Not only had they released a 5-CD chronological overview of his early work last year entitled England’s Famed Clown Prince Of Song, but a second box of 5 discs completing the story of his recording career, The War And Postwar Years, was due at the end of October. The source recordings themselves, from the collection of a longtime fan, had been remastered and were described as possessing “dazzling clarity.” This was surely the way to go, so I put in my order at Amazon UK.
Well, they arrived the other day and you can consider me dazzled.
What a job they’ve done with these. There’s no comparison between these and the sound I was used to on my previous set. These sound like someone removed a blanket that had been hung over the record player. Of course, there’s not much to be done with the earliest tracks, which date from 1926, but the sound soon improves as we get into the 30’s and 40’s that were Formby’s heyday.
The boxes themselves aren’t any fancy material, appropriately enough, just glossy cardboard that won’t take a lot of punishment. But the attention is lavished on what really matters here, which is to say, the music. There are session dates provided for every track, as well as informative liner notes with each disc. And considering what you get, the price is remarkably reasonable. I’ve gone from being the possessor of 60 of his songs to 250.

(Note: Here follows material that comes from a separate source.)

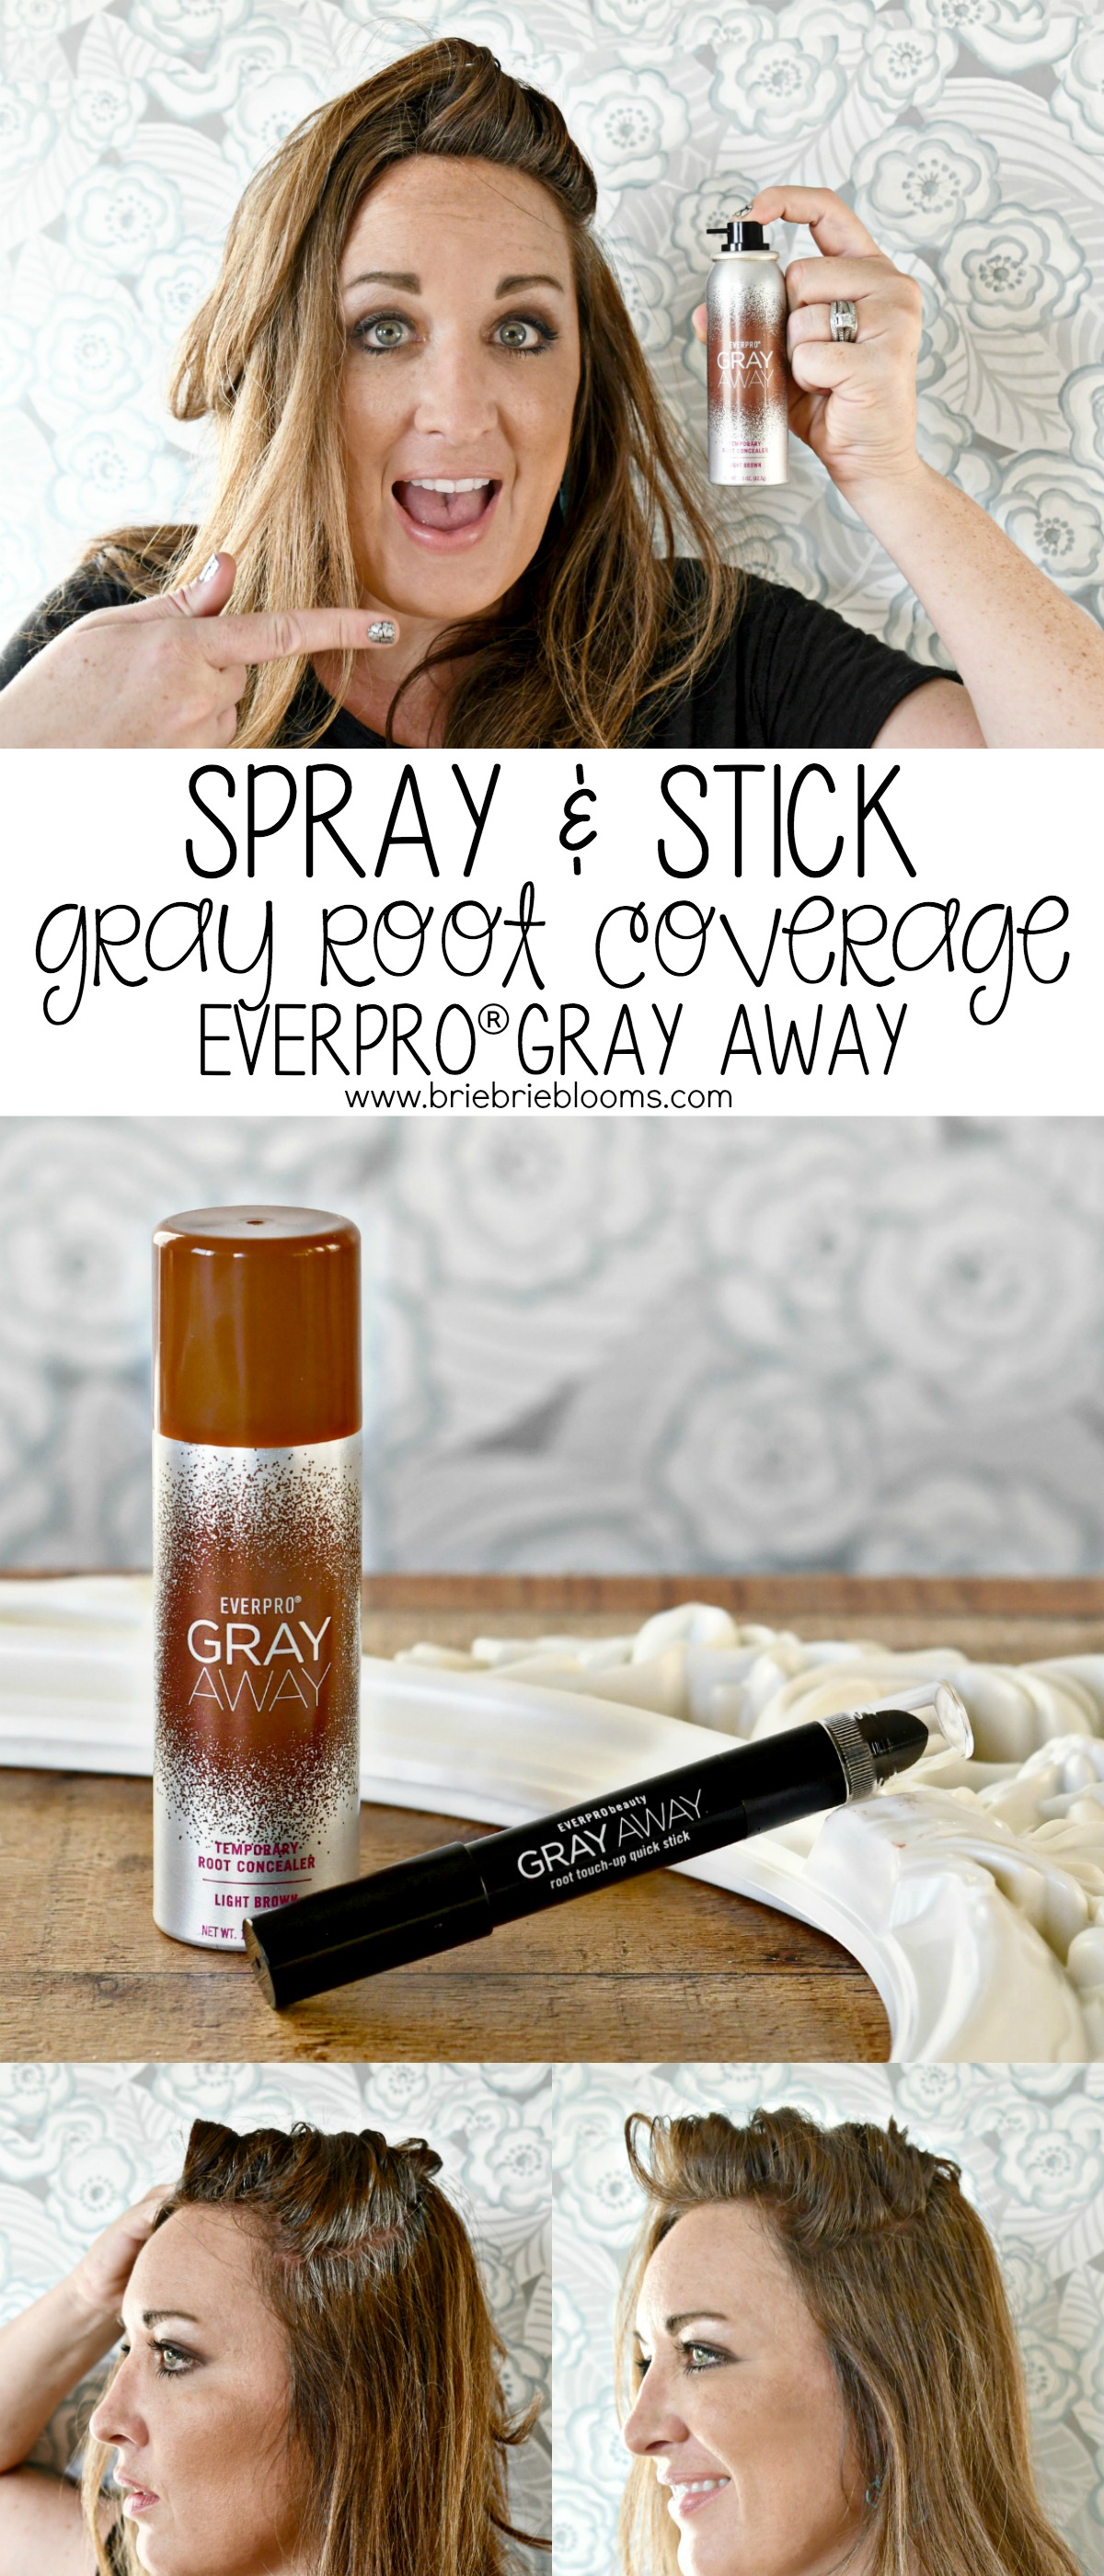 See how easy it is to use Gray Root Coverage sprays and sticks for temporary gray cover.

Formby himself was Britain’s most popular star for a while, with movie and recording careers that reinforced each other. Beloved by the public, his films, which usually featured him as an ambitious innocent who won the girl in the end, usually came in for a critical drubbing, but they made a fortune anyway. Following in the footsteps of his father, also a music hall entertainer, George Jr. took to the stage while still in his teens with an act that featured him singing comic songs while accompanying himself on the ukulele (technically, his trademark instrument was really a “banjolele,” a cross between a uke and a banjo).
He found his greatest success performing songs that often, but not always, used low comedy to wink at the audience about the topics George Orwell mentions above. Often likened to the “seaside postcards” of Donald McGill and others, the lyrics to a Formby song often contained innuendo that would have been unthinkable in popular music in the United States during the same period:
Now lots of girls I’ve had to jilt
They all admire the way I’m built
It’s a good job I don’t wear a kilt
When I’m cleaning windows
His wife Beryl was supposedly a show biz tyrant who cut George’s business deals for him and flew into a rage if any of his leading ladies were too pretty. Formby, whose health problems had forced him off the stage by the early 1950’s, only survived her death in 1961 by two weeks.
Although he didn’t create the template, Formby’s naïve but triumphant Everyman proved to be an enduring creature and thousands lined the streets for the funeral of the “cheeky chappie” with the plaintive Lancashire accent. The jokes in his songs, often about his native Wigan (a town which had become a British punchline), fly past you so quickly that their giddy momentum simply carries you along with them. And he hasn’t been without influence – leaving aside the well-known fact that George Harrison was a tremendous fan, using Google’s new Print Search I found no less than three quotes that compared the songs of The Kinks to Formby’s, including Dave Davies admitting that Dedicated Follower Of Fashion was influenced by him.
Me? They just make me smile a lot.
2 Comments:
Ralph Shaw, who might actually be the only person in British Columbia to play a ukulele, gave a workshop on George Formby's Strum at the Santa Cruz Uke West Fest, 2004. Let me tell you: what GF could do with an uke was no joking matter! That 'strum' of his was something beyond complexity.
Enjoyed the post! Cheered me up no end.
It sounds like simplicity itself, too, like you could pick up a uke and instantly get the same sound out of it, until you realize how many flourishes are being thrown in almost lightning-fast. I've seen tapes that purport to teach you the "Formby Strum" as well.
If I do jump in and get a "fluke", I think I'll have to be satisfied with a simple layman's strum.